Виктор нахмурился, прощупав страницы большими пальцами, пока не нашел маленький конверт — аккуратный и чистый, без указания адресата или других пометок, но обрывок бумаги внутри был деформирован из-за воды и испещрен чернильными вымарываниями цензуры. Он засунул газету под руку и отошел дальше от тропы, углубляясь в гущу деревьев. Вскрыв письмо, Виктор слегка вздрогнул, так как узнал неразборчивые каракули.

«Дорогой ██████,

Надеюсь, что это письмо найдет тебя, у какого бы черта на куличиках ты ни находился. Капитан █████ отправляет почтовые сумки на одном из грузовиков по ледяной дороге. Если ты читаешь это, значит, его не взорвали и на Ладоге всё еще лед. Я надеюсь, что ты тоже не погиб.

Здесь дело дрянь. Надеюсь, что у тебя хоть немного лучше. С сожалением сообщаю тебе, что после ██████████ и ██████████ твои мать и отец умерли. Мы скучаем по ним. Дед болен, но ██████████.

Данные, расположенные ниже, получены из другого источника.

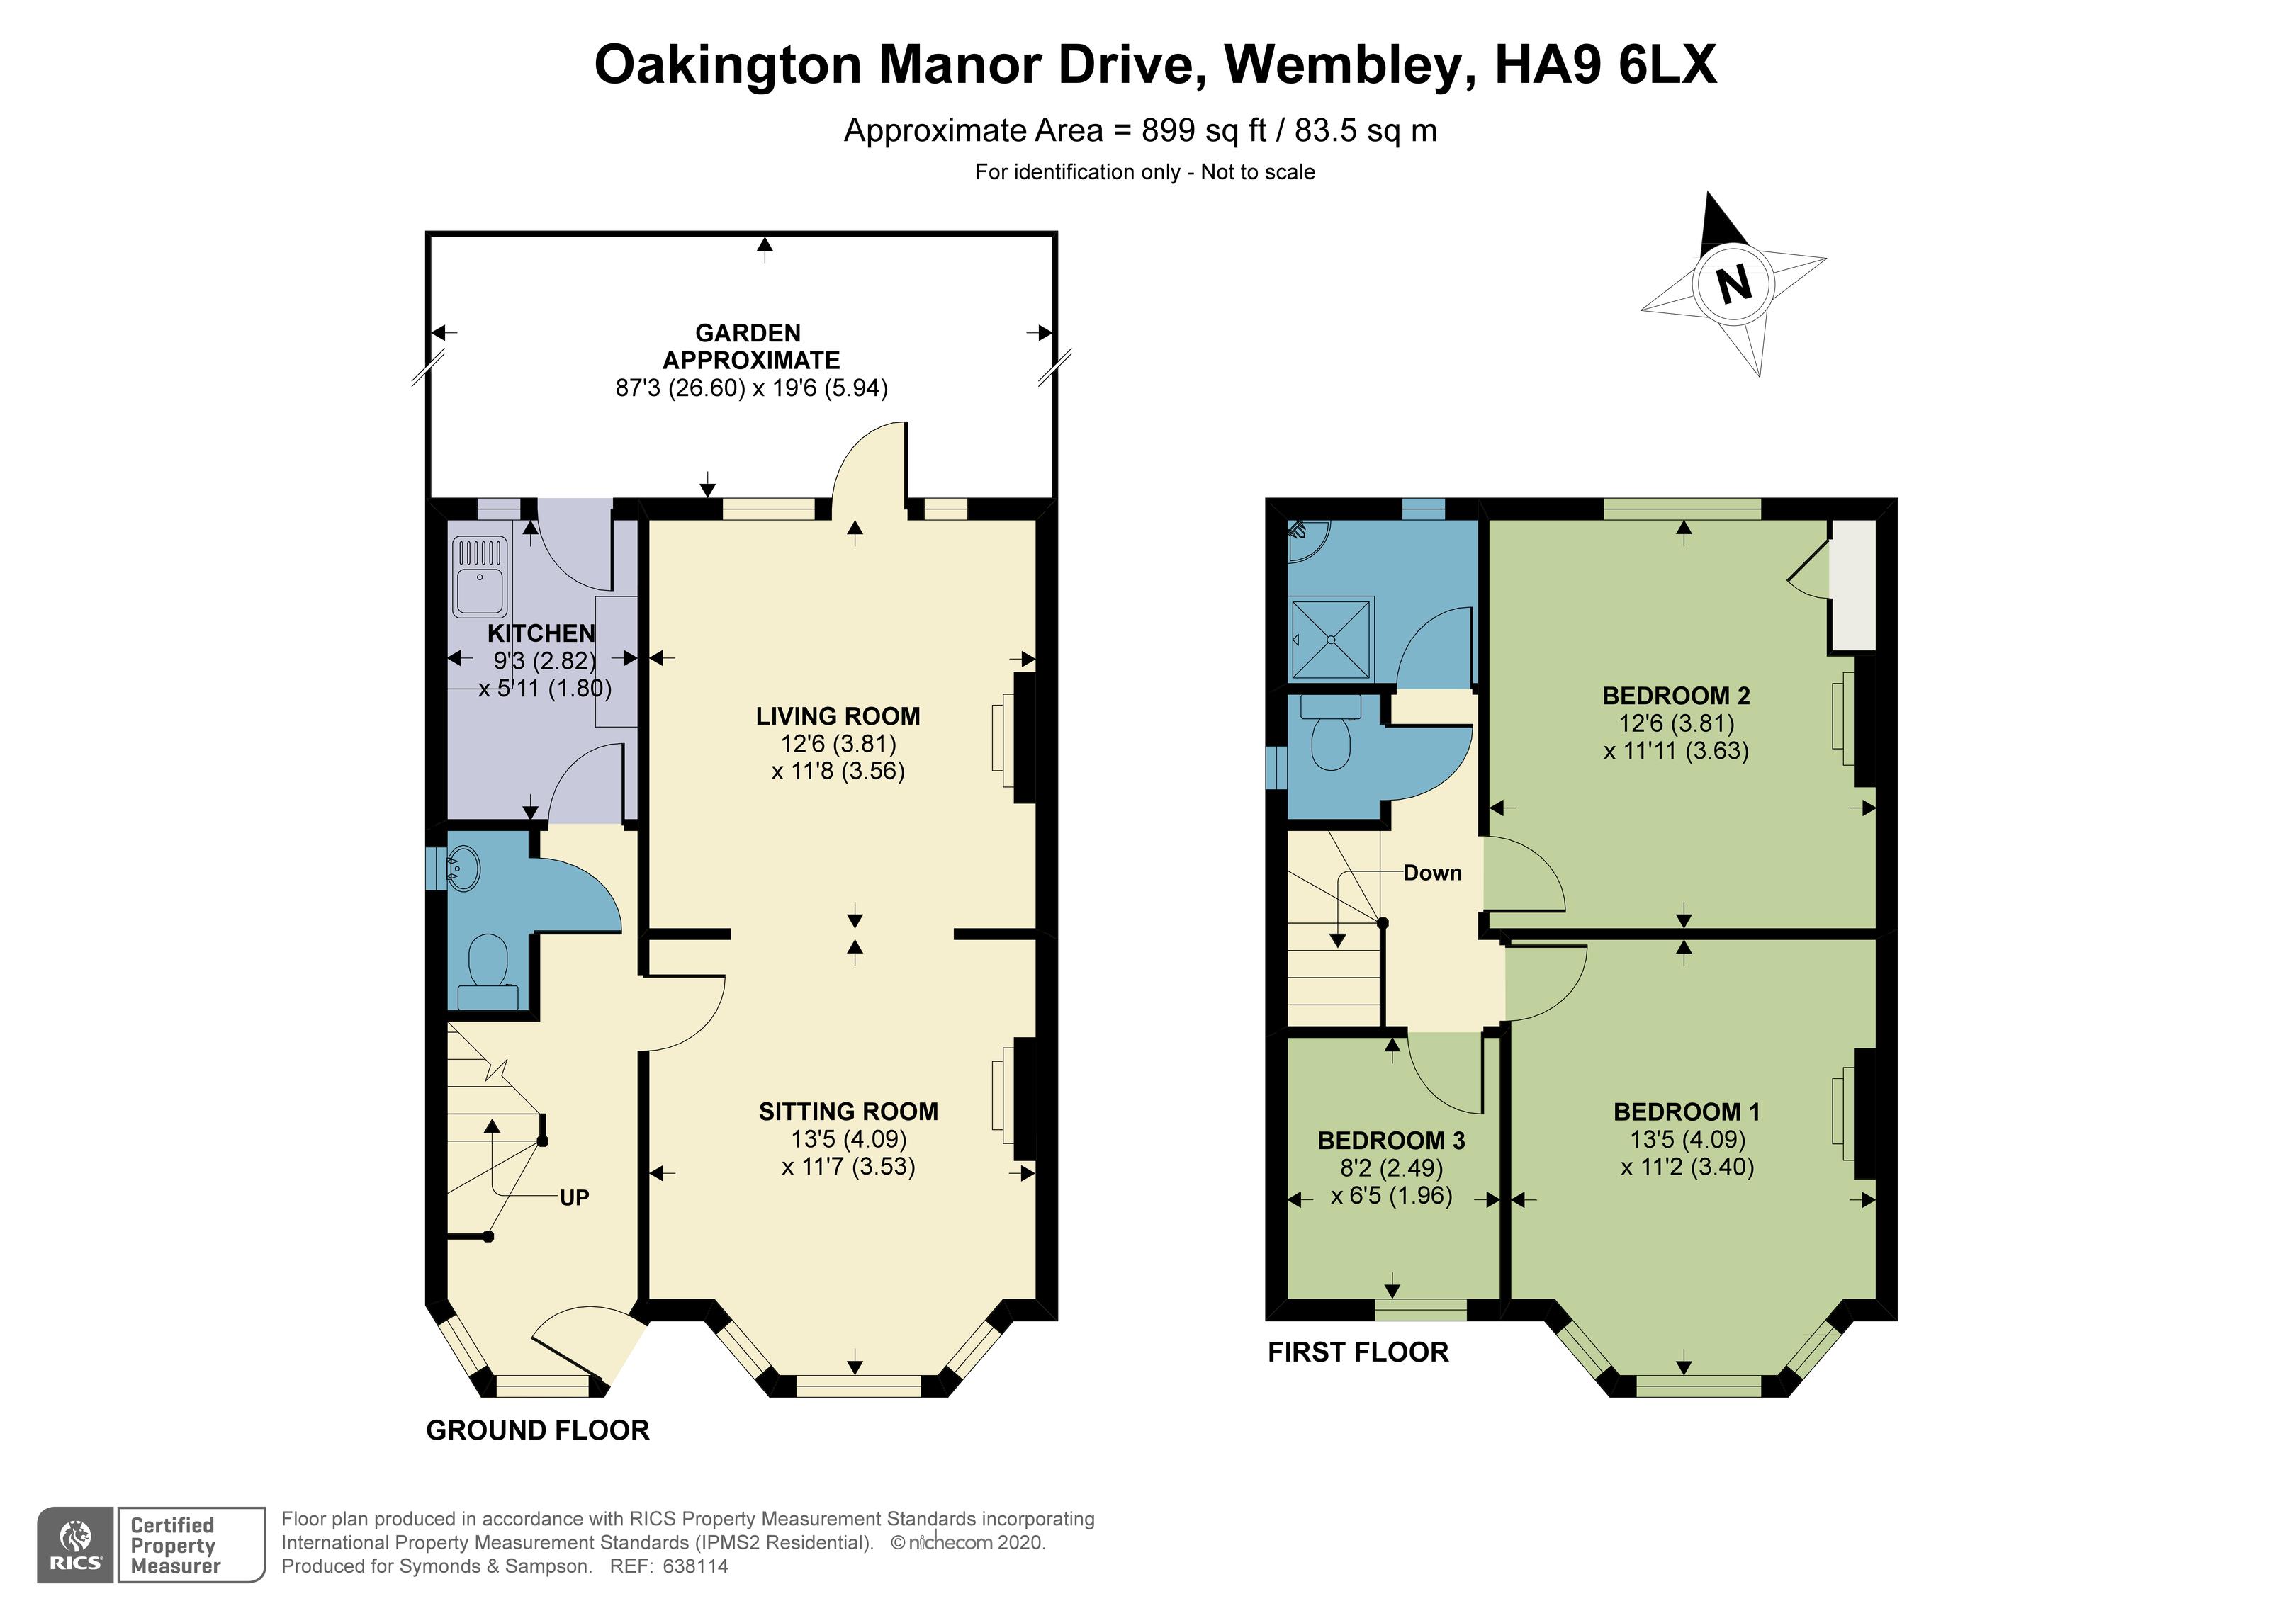 Floorplan - Oakington Manor Drive, Wembley, HA9 6LX

Если ты не мертв, надеюсь, ты подстрелил много нацистов. Я уничтожил 50. Мила всё еще опережает меня. По ним до смешного легко стрелять, когда ████████████ и ██████████████████████. Я знаю, что ты беспокоишься. Но не стоит, хорошо? Мы не лыком шиты.

Твой товарищ

Ряд. Ю████ П██████».

Когда Виктор поднял глаза, Фельцман подошел и вырвал у него письмо, зажигая спичку и позволяя пламени зацепиться за уголок бумаги. На глазах Виктора отчаянное послание ребенка из Ленинграда превращалось в пепел.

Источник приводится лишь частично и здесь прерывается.